The data below should be restated word for word, with every picture omitted.

- _Given data_:

--------------------

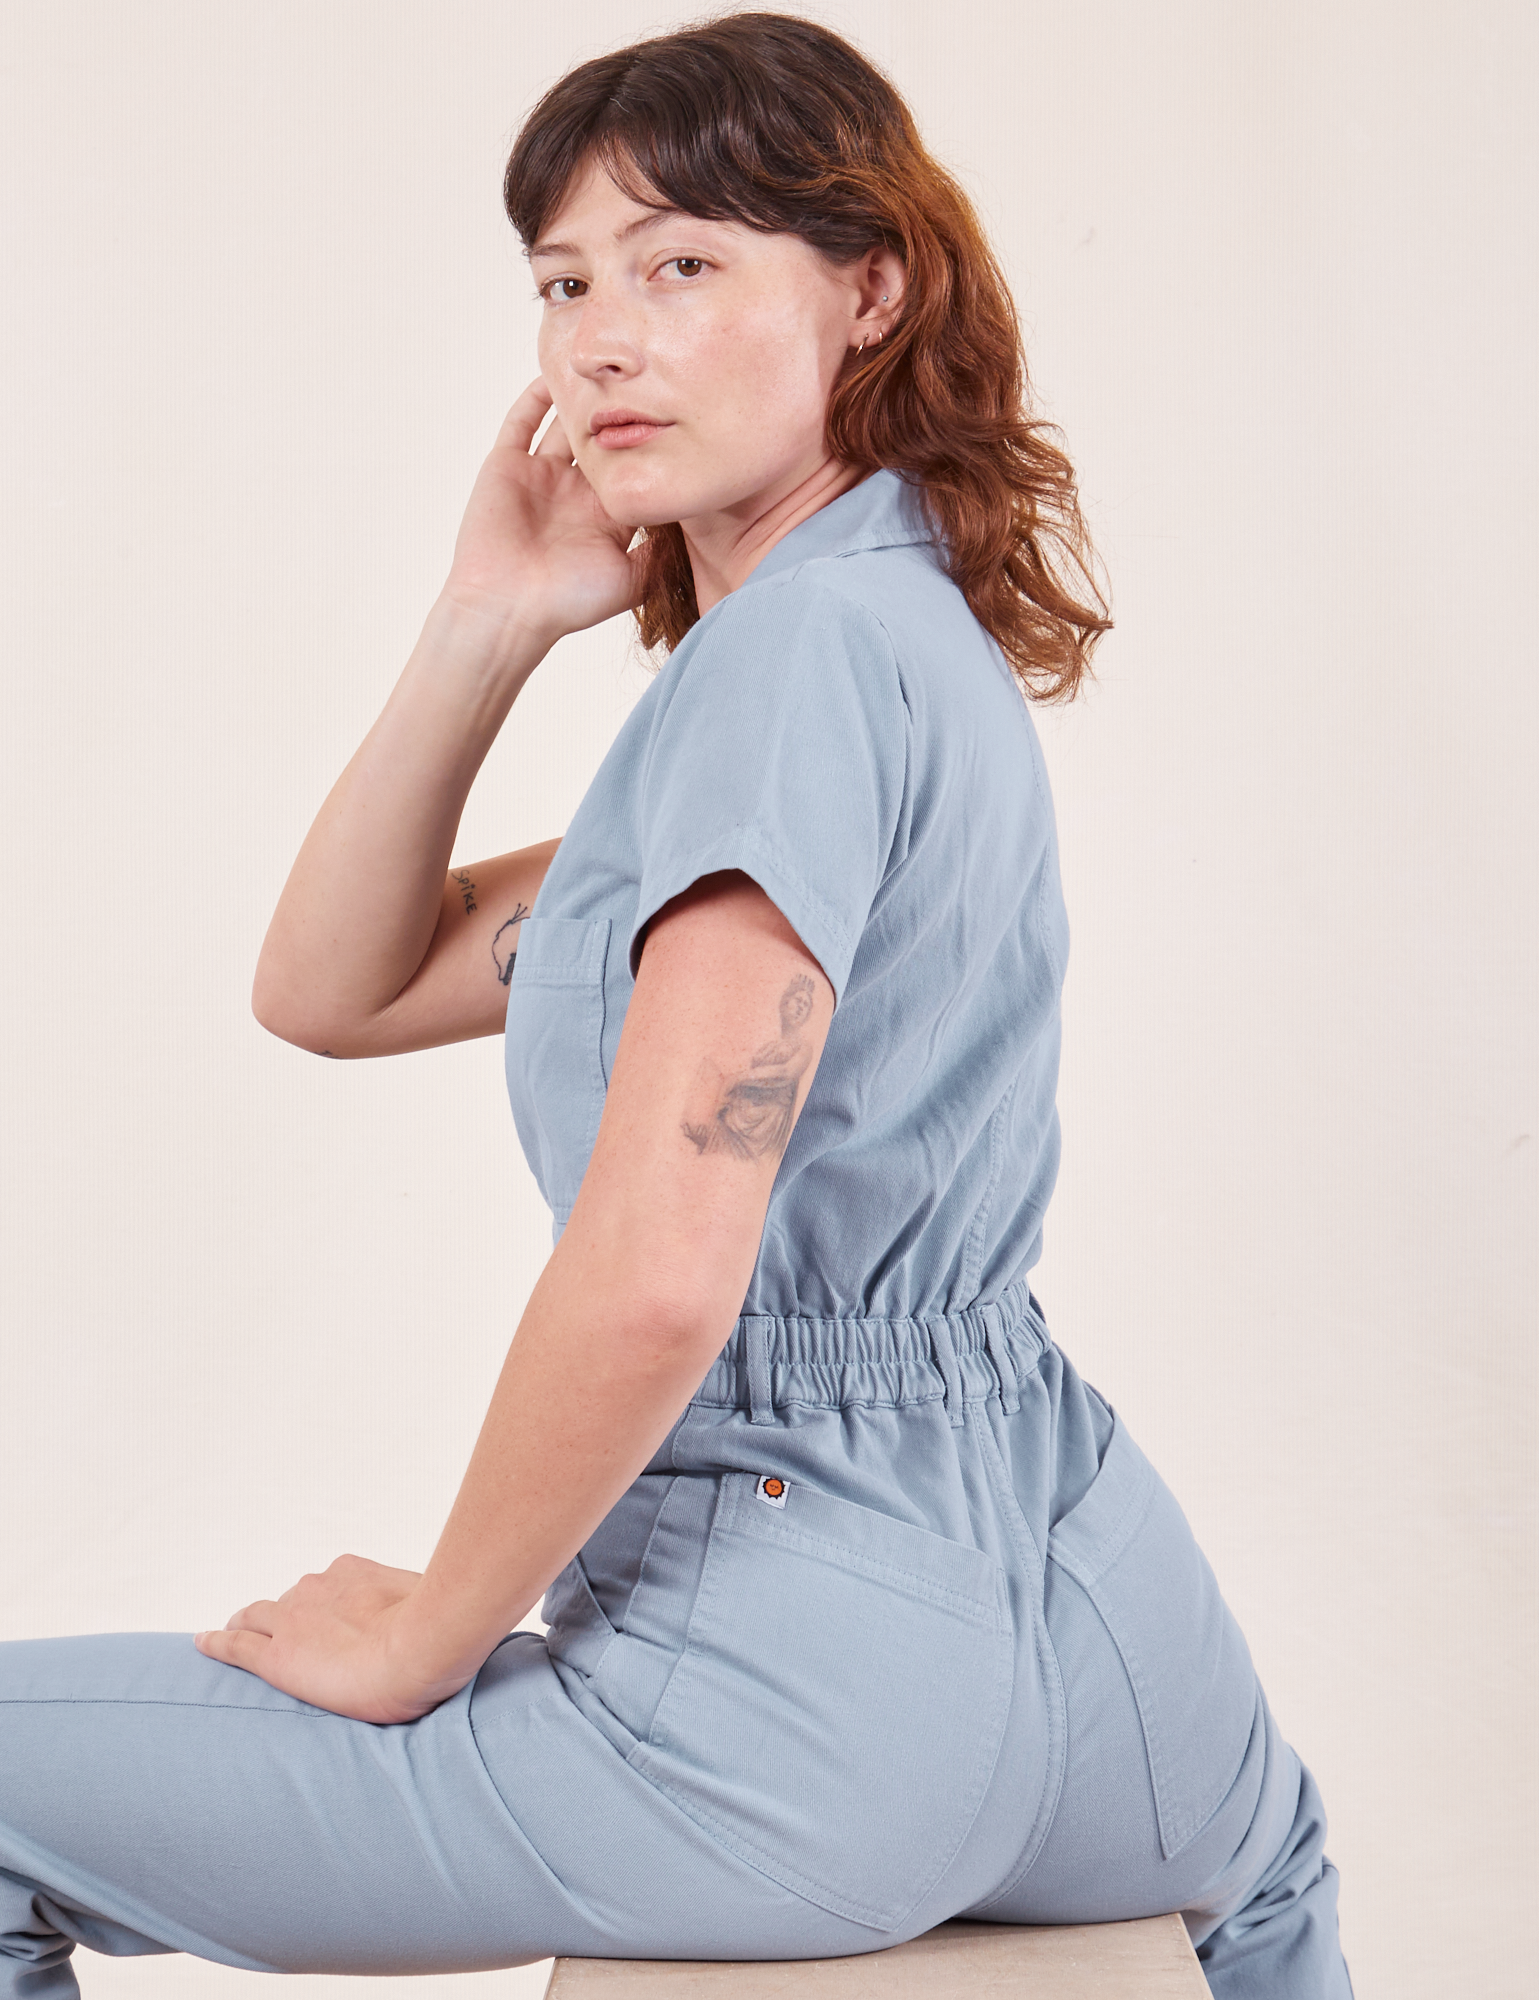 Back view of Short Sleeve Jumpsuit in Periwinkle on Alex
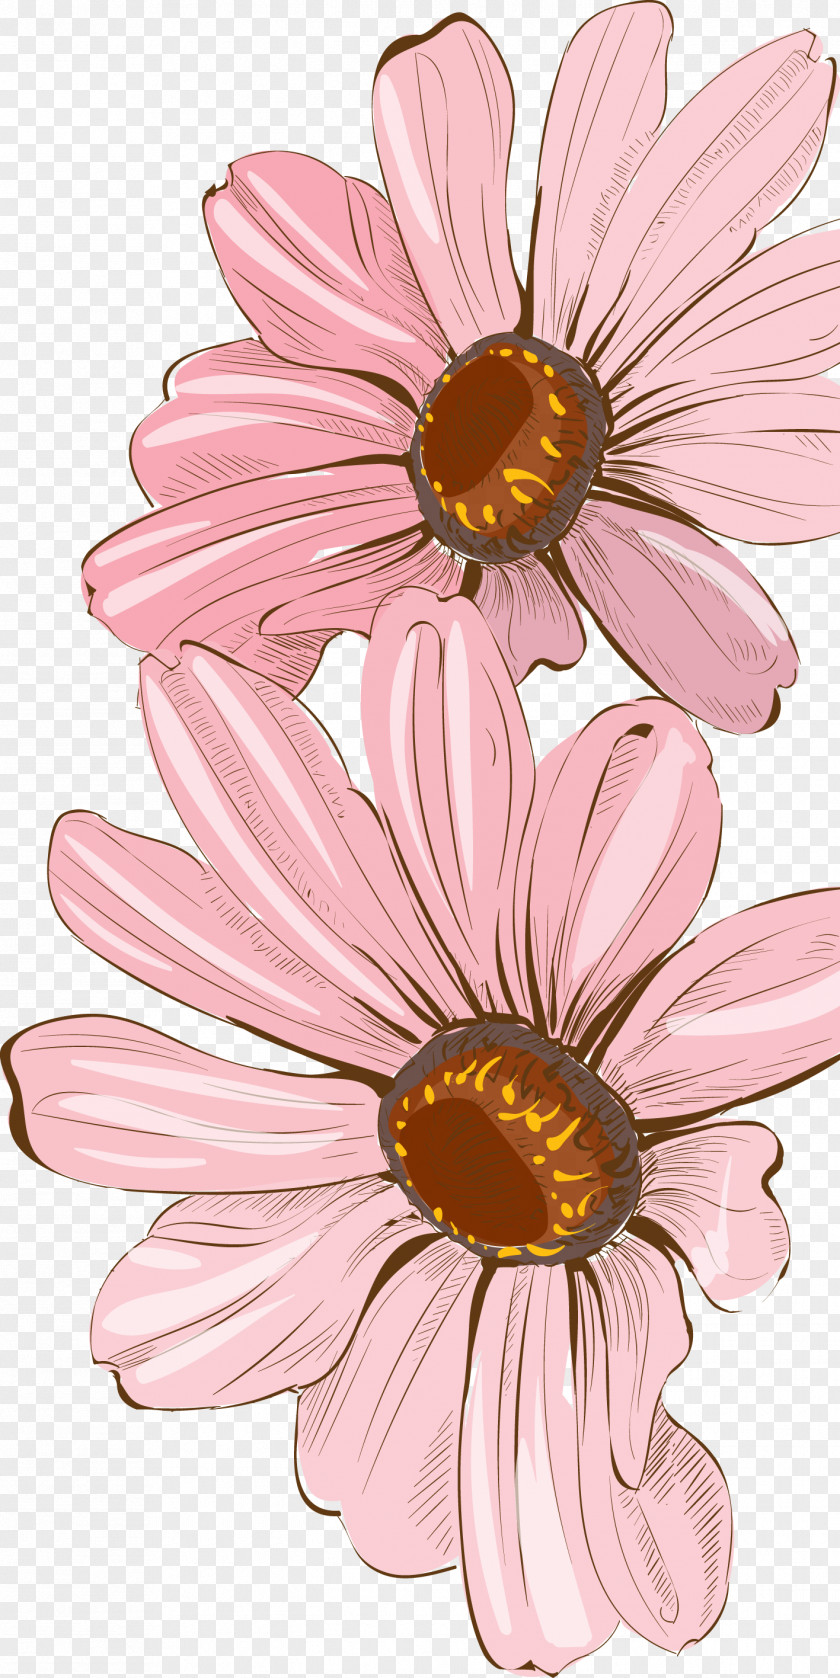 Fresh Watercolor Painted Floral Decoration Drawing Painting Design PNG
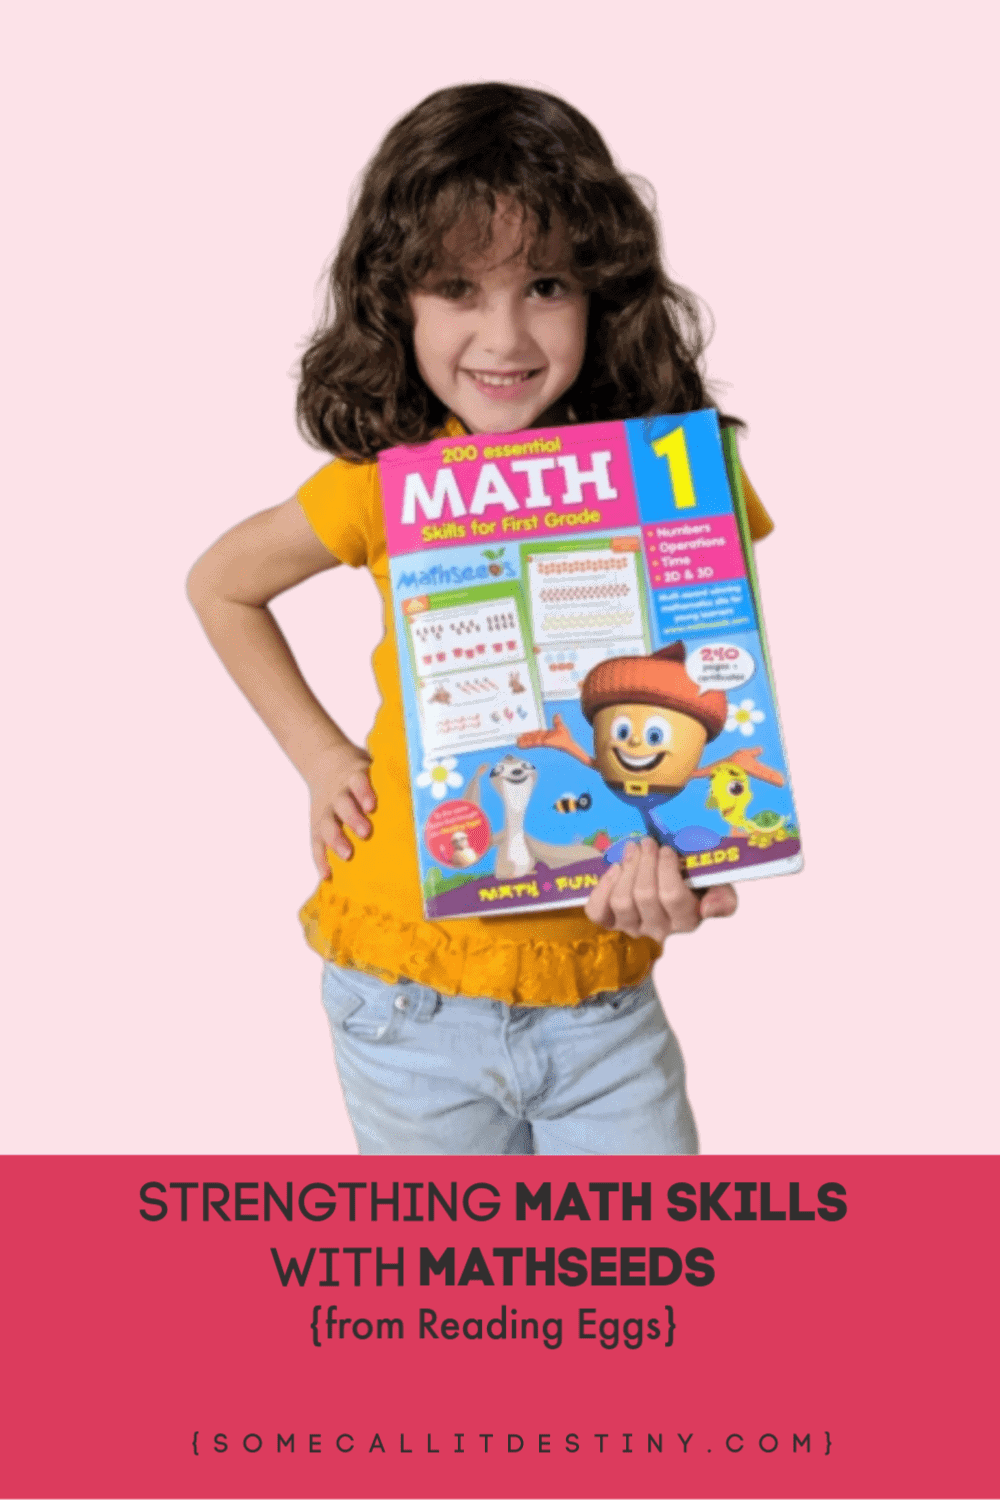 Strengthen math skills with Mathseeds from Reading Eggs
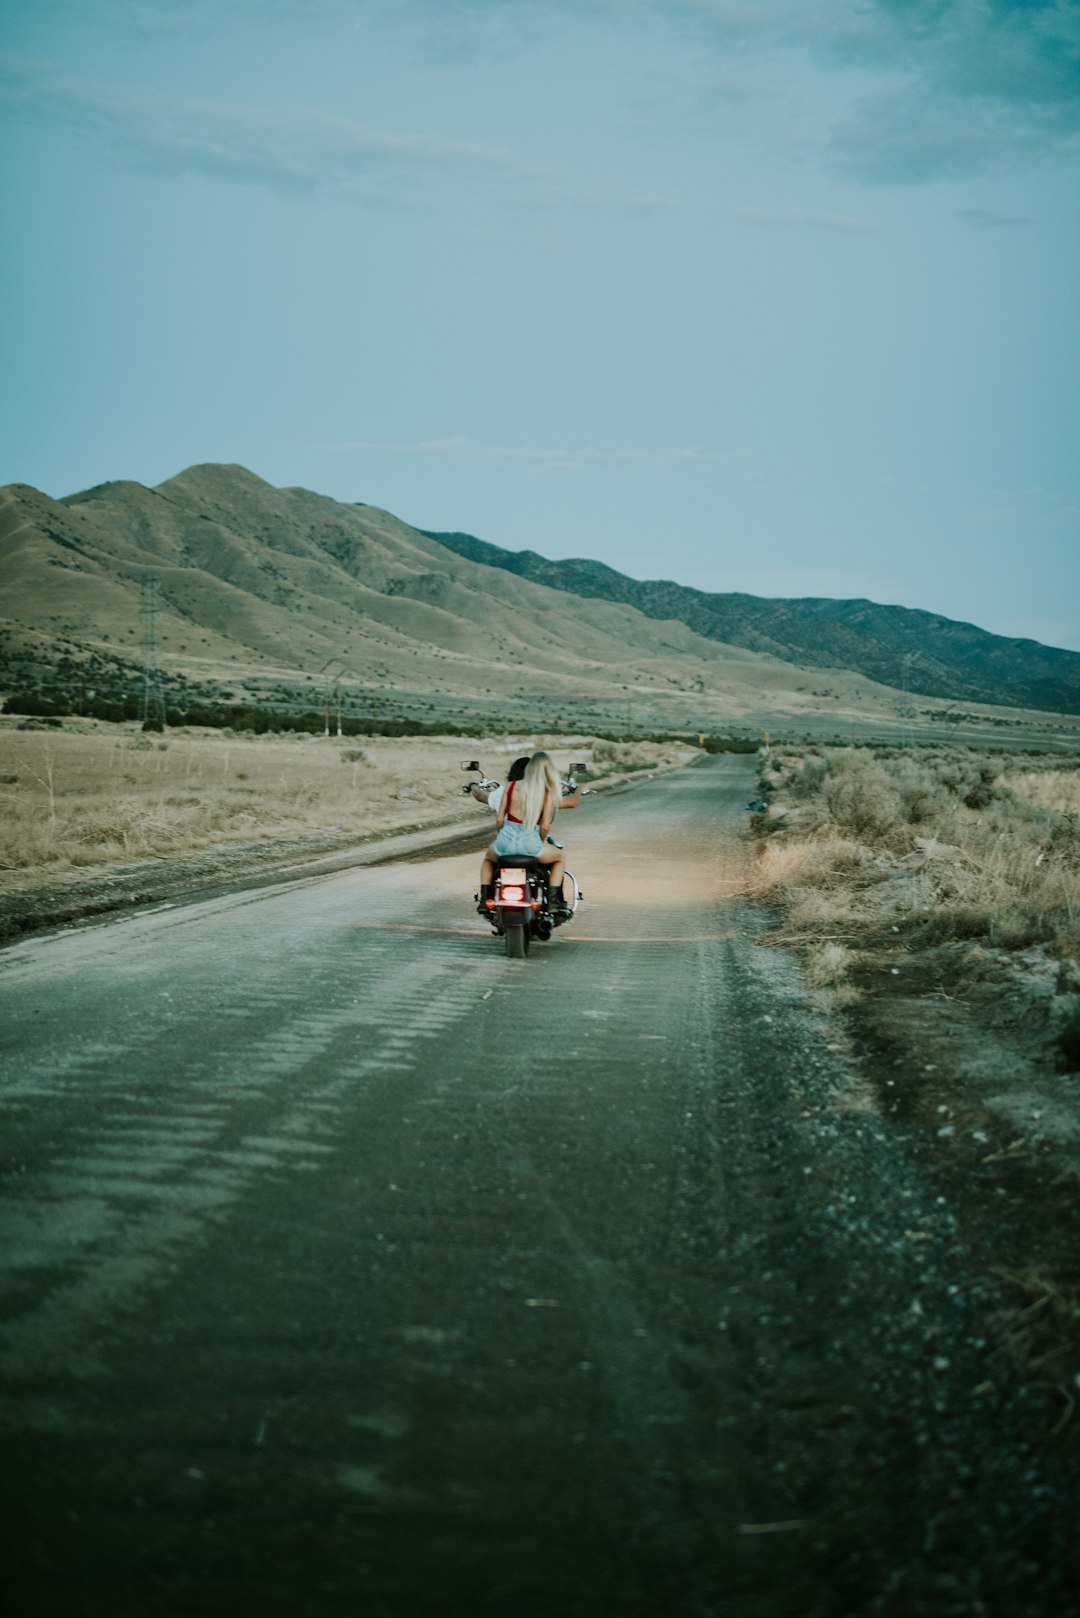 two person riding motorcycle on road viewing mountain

--------------------

- _Task answer_:
 Back view of Short Sleeve Jumpsuit in Periwinkle on Alex
 Fresh Watercolor Painted Floral Decoration Drawing Painting Design PNG
 Strengthen math skills with Mathseeds from Reading Eggs
 two person riding motorcycle on road viewing mountain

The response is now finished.